Data Architecture provides the data principles, physical characteristics, and formats to enable cloud native practices.
Data Lifecycle Management safeguards the retention and resiliency required to manage this most critical asset.
Data Ingestion & Processing focuses on the incorporation and quality of the data creation and migration capabilities.
Data Knowledge is required to provide and communicate the holistic data opportunities.
Data Consumption must provide an ease of intelligence, insights and predictions.

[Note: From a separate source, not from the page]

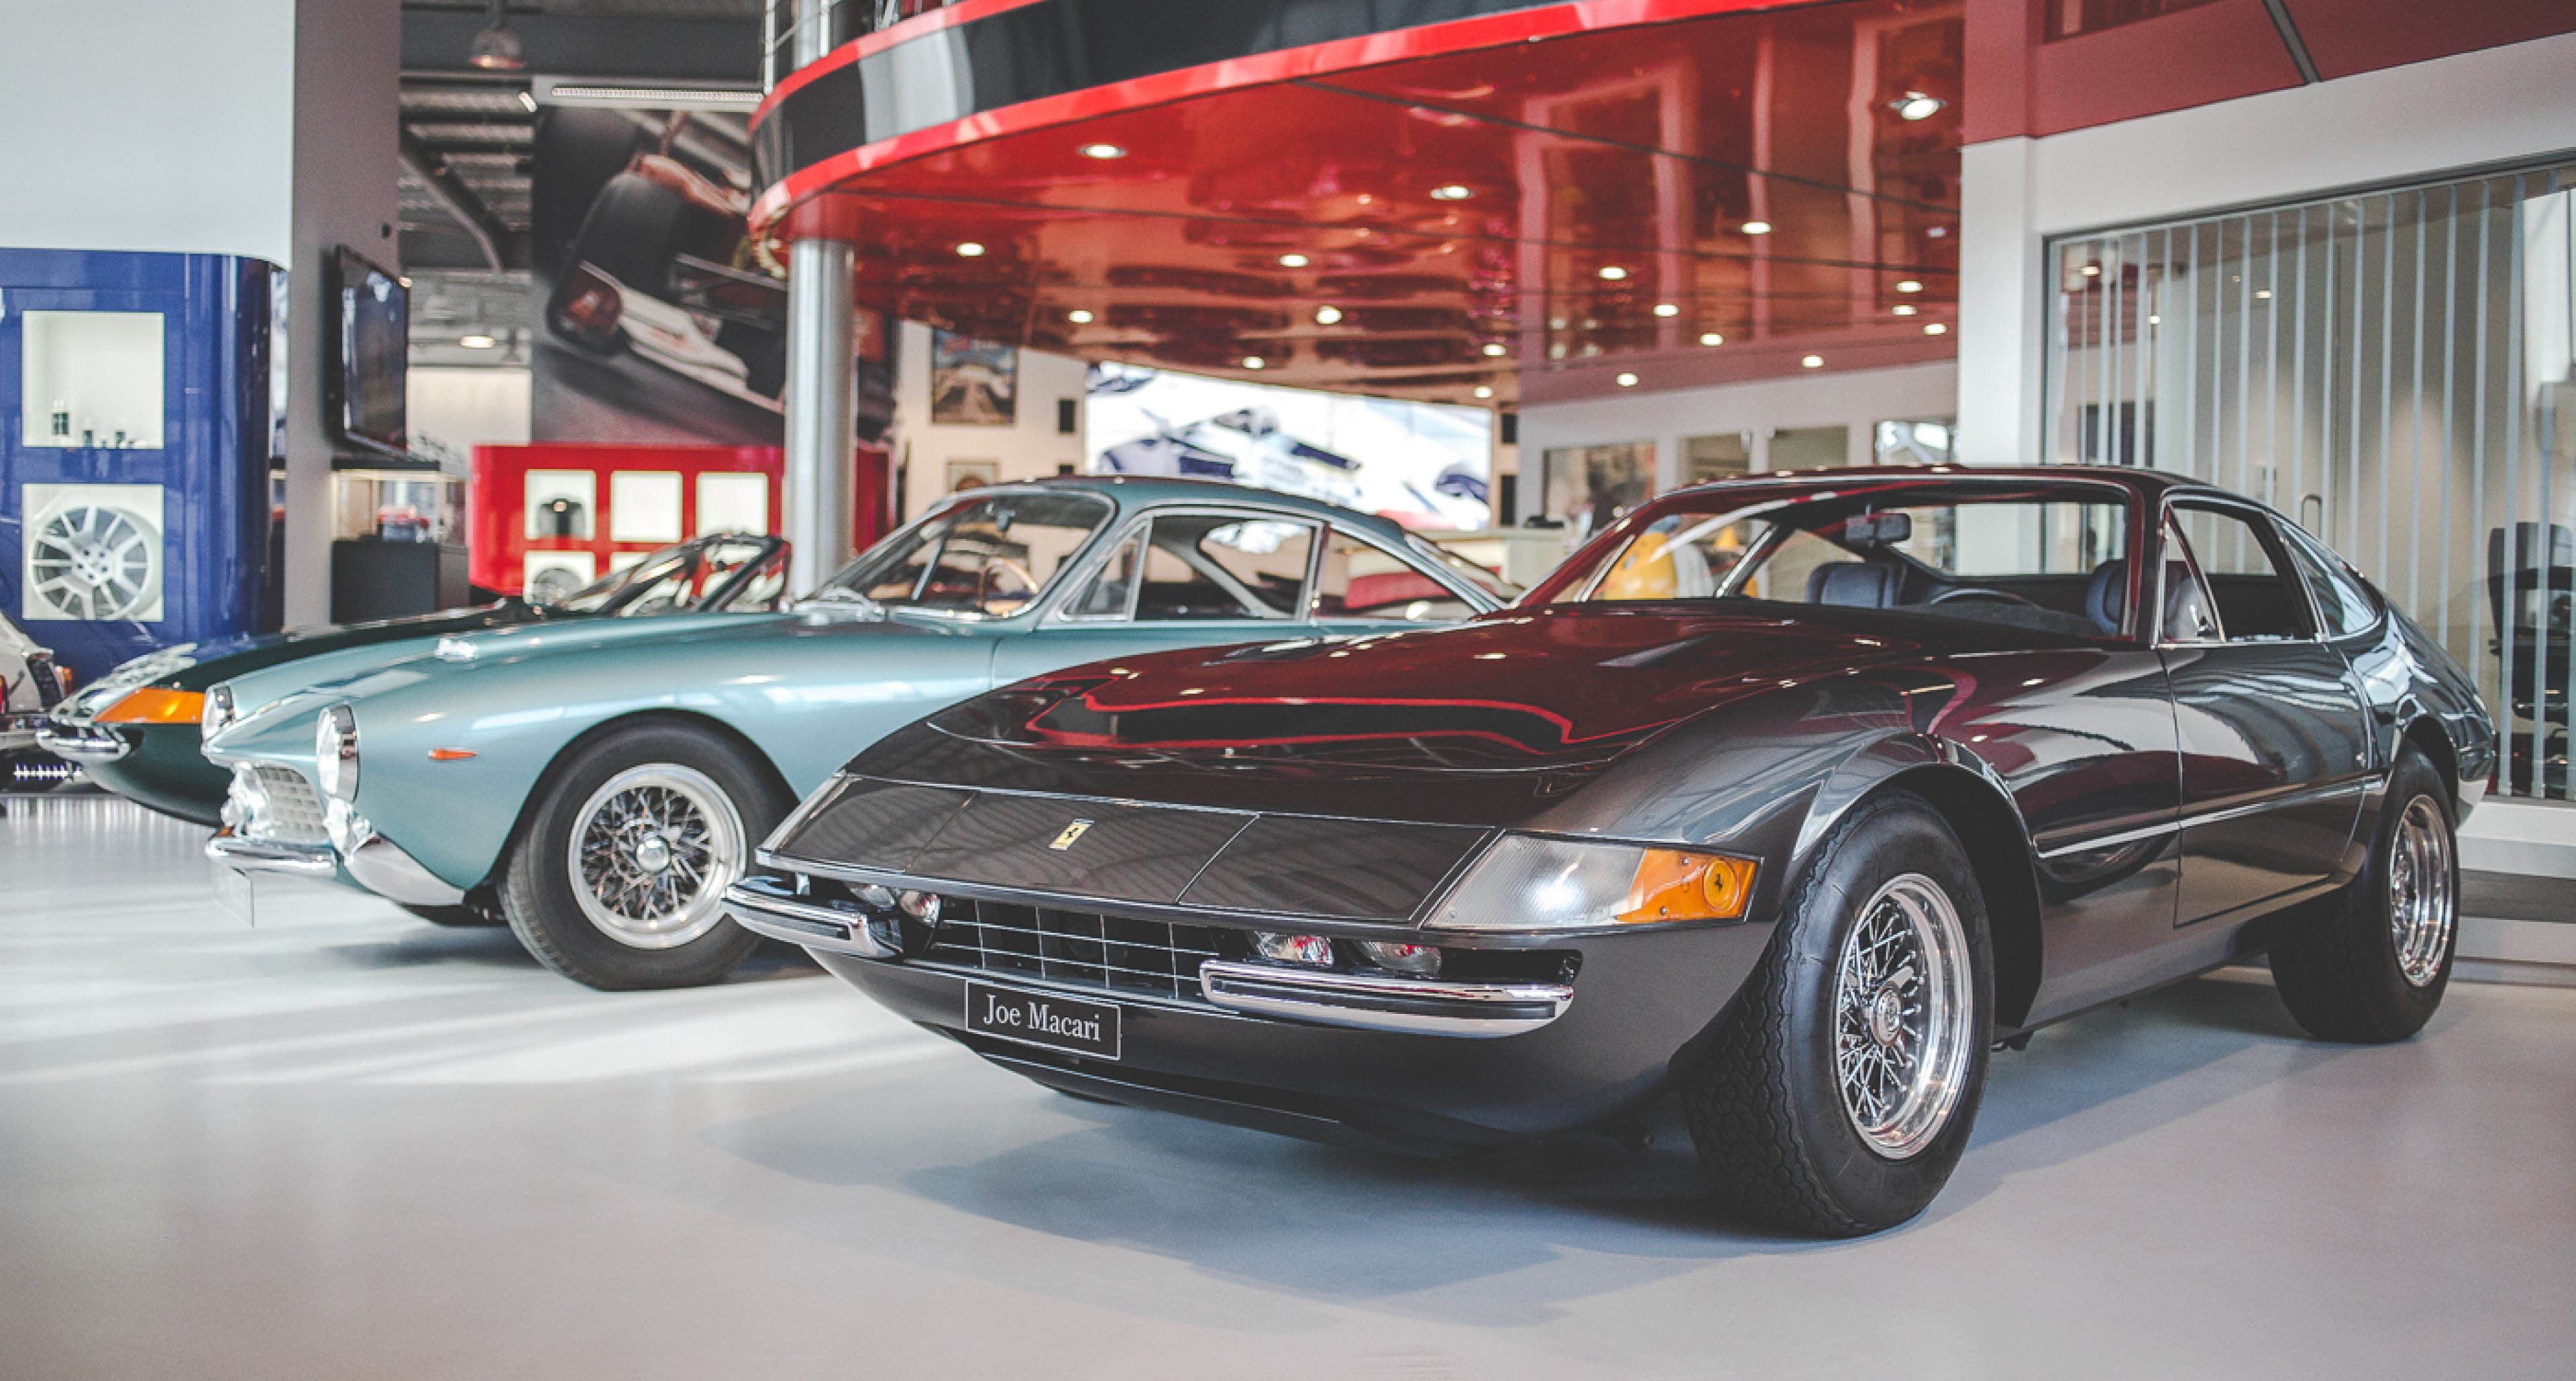 Trading collectors cars is an Italian Job for Joe Macari | Classic ...

As clients look to jumpstart their cloud native data capabilities across their ecosystem, HPE has enabled them to holistically mature their operating models to enable insights at scale and pace. As shared here, one of the greatest benefits to operating in a cloud like manner involves the data domain. A cloud native manner exposes data through APIs meaning the data itself becomes an entity the programmer can easily find, manipulate, and create value from, much as they did with early cloud services. This openness, although wrapped in governance for protection, allows us to understand data provenance leading to transparency for AI models, reports, decision making and more. Trusted AI starts with trusted data and that means lineage and process history. HPE Edge-to-Cloud Adoption Framework guides customers in establishing proper governance, strategy, and lifecycle management, while at the same time maturing their cloud-native architecture, ingestion, and consumption capabilities.
Glyn Bowden is a CTO for HPE Pointnext Services, AI & Data Science Practice. His technical experience has spanned many industries from global finance, national security and high technology. With a background in high performance compute, cloud native computing and emerging technologies such as blockchain and machine learning, Glyn’s goal is to make high technology solutions accessible to all.